A registered child sex offender, who is finishing a master’s degree in Ethics and Legal Studies, has been refused bail after being accused of grooming two boys in the change rooms at the Australian Institute of Sport (AIS) pool.
Court documents say the father of the boys, who were both aged under 10, called police in March 2022 and alleged a man had tried to groom his sons while they were at the AIS’s aquatic centre for swimming lessons.
Police said they arrived, saw 37-year-old Benjamin Hugh Smith from Chifley leave the change rooms and approached him outside, where he was visibly nervous and told them “he didn’t see anything”.
While they were speaking to him, they allege he discreetly tried to dig a hole in a garden bed next to him and tried to put an iPhone inside it, but they spotted the phone and seized it.
They also spoke to a staff member at the aquatic centre who told them Smith had used 19 visits out of a 20-visit membership, but over the course of a month, she hadn’t seen him enter the pool once, despite being there for a long time while swimming lessons were being held for children.

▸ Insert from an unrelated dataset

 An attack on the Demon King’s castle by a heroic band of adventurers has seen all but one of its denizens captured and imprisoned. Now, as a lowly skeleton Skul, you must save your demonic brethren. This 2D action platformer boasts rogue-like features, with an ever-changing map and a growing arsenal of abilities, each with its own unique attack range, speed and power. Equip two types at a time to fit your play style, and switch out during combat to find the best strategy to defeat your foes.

The father told police his sons claimed Smith had been in the change room at the same time as them for about the last four weeks. He alleged Smith had been trying to groom his children because he was very friendly with them and had been naked in the showers with the boys twice on the same day.
On the second occasion, he allegedly saw Smith standing naked next to one of his sons.
One of the boys told police how he found a dollar coin in the showers and Smith allegedly told him, “let’s have a competition to see who wins it”, while no one else was around. The game involved putting the coin on their elbows and catching it with their hands.
The next week, the boy said he was in the showers again and Smith allegedly taught him tricks with his hands when no one else was around.
“He’s never seen this man outside the showers,” police said.
When Smith, who in 2017 had been convicted on one count of having sex with a person between the ages of 10 and 14, was interviewed by police, he allegedly refused to give them the passcode to open the iPhone they seized from him.
He was charged with two counts of grooming a young person as well as single counts of providing a false name or address, failing to report a change of personal details and failing to comply with an order and entered not guilty pleas to all five in the ACT Magistrates Court on Thursday (2 June).
Anastasia Qvist of Fortify Legal, appearing as an agent, applied for him to be released on bail. She said he had been in custody for about a month and it was his first time behind bars, as he had been given a suspended sentence for the 2017 case. It had been a “hard period for him”, she said, partly due to the recent COVID-19 lockdown, being in protection and he hadn’t been given his reading glasses.
She proposed a series of “onerous” bail conditions, including not going near any young person or pool, and warned he could be in custody for some time as his case moved through the courts.
But prosecutor Tahlia Drumgold said bail conditions could not ameliorate the risks of him being released from custody, noted the “brazen nature” of his alleged behaviour and said the allegations involved “classic grooming behaviour”.
She alleged he’d given false information to staff at the AIS in an attempt to conceal his identity, with court documents saying he gave his birth year as 1994 instead of the correct year of 1984 when he started his membership.
Magistrate Jane Campbell said she agreed with the prosecutor’s submissions and refused bail, saying her concern was for the protection of the community and children in particular.
The matter was adjourned to 14 July.